For Tom Hiddleston, "Thor: Ragnarok" Tests Loki's Boundaries

Wednesday, October 4, 2017

It’s been four years since audiences have seen Tom Hiddleston don Loki’s golden horns on the big screen, and now the God of Mischief is back in Philippine cinemas this October 25 for Thor: Ragnarok.





On the set of Thor: Ragnarok, Hiddleston talked about the adopted son of Odin, and the many complex relationships that happen to revolve around the trickster’s mercurial spirit.

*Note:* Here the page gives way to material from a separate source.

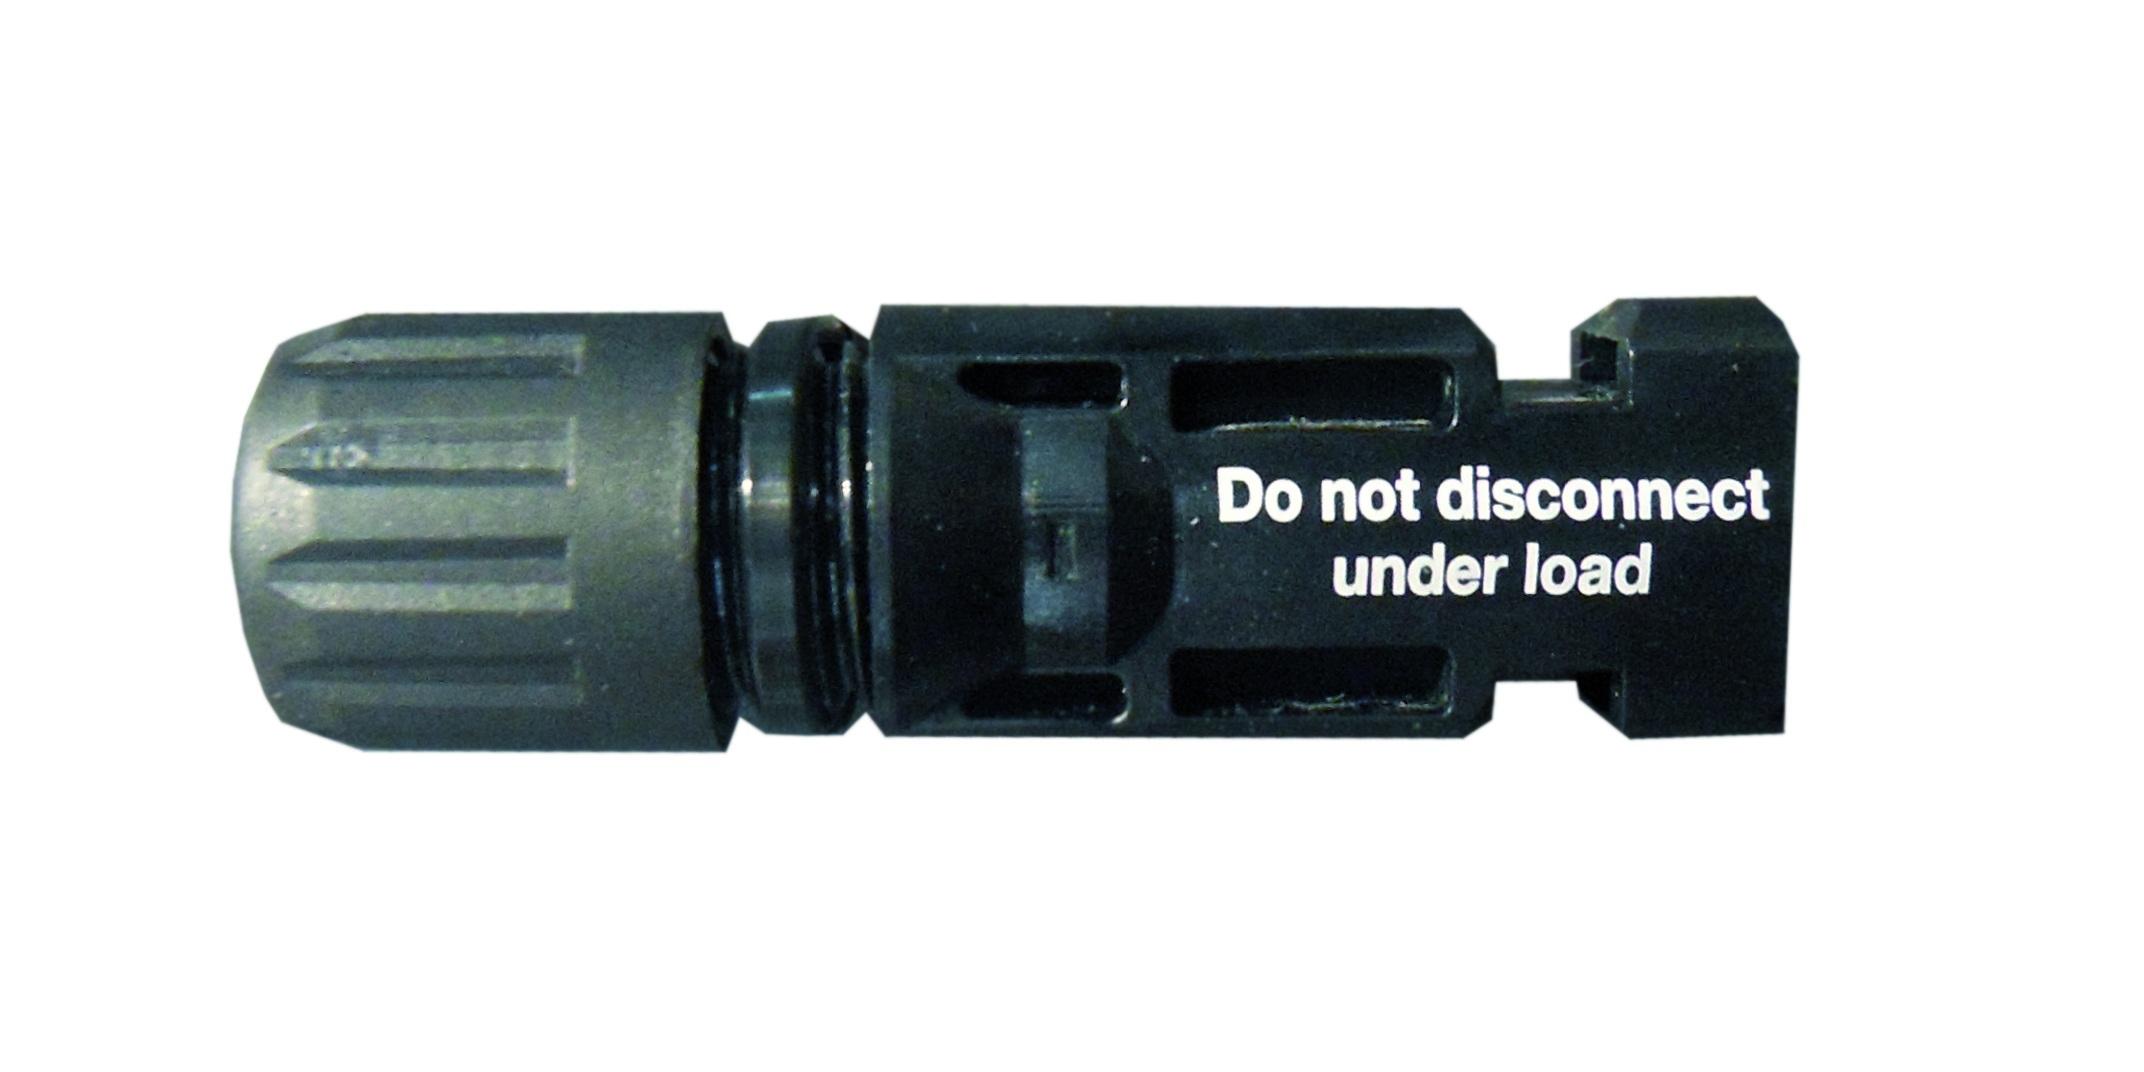 1 Stk Kupplungsstecker MC4 4-6mm² Ø-Kabelverschraubung 5,5 - 9mm PVA11000--

“The opposite of love is not hate but indifference,” Hiddleston discussed how Thor being indifferent to Loki is troubling for the character from a familial point of view. “That’s a defining feature of his character. I don’t belong in the family; I hate my brother. And the idea his brother’s like, yeah, whatever, it’s an interesting development.”



“The two of them are placed in such an extraordinary situation where everything is unfamiliar; that their familiarity, literally, as family members becomes important.” The now famous scene from the teaser trailer of the Asgardian brothers fighting side by side shows how the siblings seem to have come terms—at least temporarily—with their complicated relationship.

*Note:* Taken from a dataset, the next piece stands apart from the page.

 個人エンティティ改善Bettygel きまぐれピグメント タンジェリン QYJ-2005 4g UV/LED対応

“Loki’s feelings towards his family members are complex, to say the least,” Hiddleston reflected on the first film. “The moment of Thor’s ascension, he finds out he doesn’t belong there at all. I never conceived of Loki’s emotional connections to Odin or Thor as malevolent. He just wants to have a go on the throne, which he does.”



When it comes to complex relationships, Hulk knows a thing or two about burying your feelings. The big green guy is added to the mix in Ragnarok and Hiddleston thinks fans are going to enjoy their interaction, “In The Avengers, Hulk and Loki never really had a conversation. It was more, more of a physical meeting, an extended group hug, shall we say,” joked Hiddleston. “So it’s fun when the two of them meet.”

Finally, there’s a new villain in town and her name is Hela, “The goddess of death shows up and the stakes are high, for everybody,” said Hiddleston. “Loki perhaps more than ever, is challenged to define himself in the face of that threat.”

Regarding the dynamic between Loki and Hela, Hiddleston said, “It’s about them recognizing each other; recognizing that we prefer anarchy to order; recognizing that chaos is more fun, if a little exhausting; recognizing the aesthetic value of green capes. The inimitable elegances of a headdress—if you’re gonna be bad, you might as well be bad with style.”

Speaking of style, perhaps Loki’s relationship vulnerability is manifesting itself in his wardrobe? When asked about Loki’s multiple costume changes, Hiddleston pondered Loki’s Pretty Woman moment, “In my head, Jeff Goldblum takes Loki out to Rodeo Drive and says, pick the finest fabric you can find; let’s fashion your suit.” If this isn’t a cry for an Asgardian version of Project Runway, then this is a real missed opportunity.

Directed by Taika Waititi from a script by Craig Kyle & Christopher Yost and Stephany Folsom and Eric Pearson, Thor: Ragnarok picks up after the events of Avengers: Age of Ultron.

In Marvel Studios’ Thor: Ragnarok, Thor (Chris Hemsworth) is imprisoned on the other side of the universe without his mighty hammer and finds himself in a race against time to get back to Asgard to stop Ragnarok—the destruction of his homeworld and the end of Asgardian civilization—at the hands of an all-powerful new threat, the ruthless Hela (Cate Blanchett). But first he must survive a deadly gladiatorial contest that pits him against his former ally and fellow Avenger—the Incredible Hulk (Mark Ruffalo).

The film stars Chris Hemsworth, Tom Hiddleston, Cate Blanchett, Idris Elba, Jeff Goldblum, Tessa Thompson, Karl Urban with Mark Ruffalo and Anthony Hopkins.

Thor: Ragnarok is distributed by the Walt Disney Company (Philippines).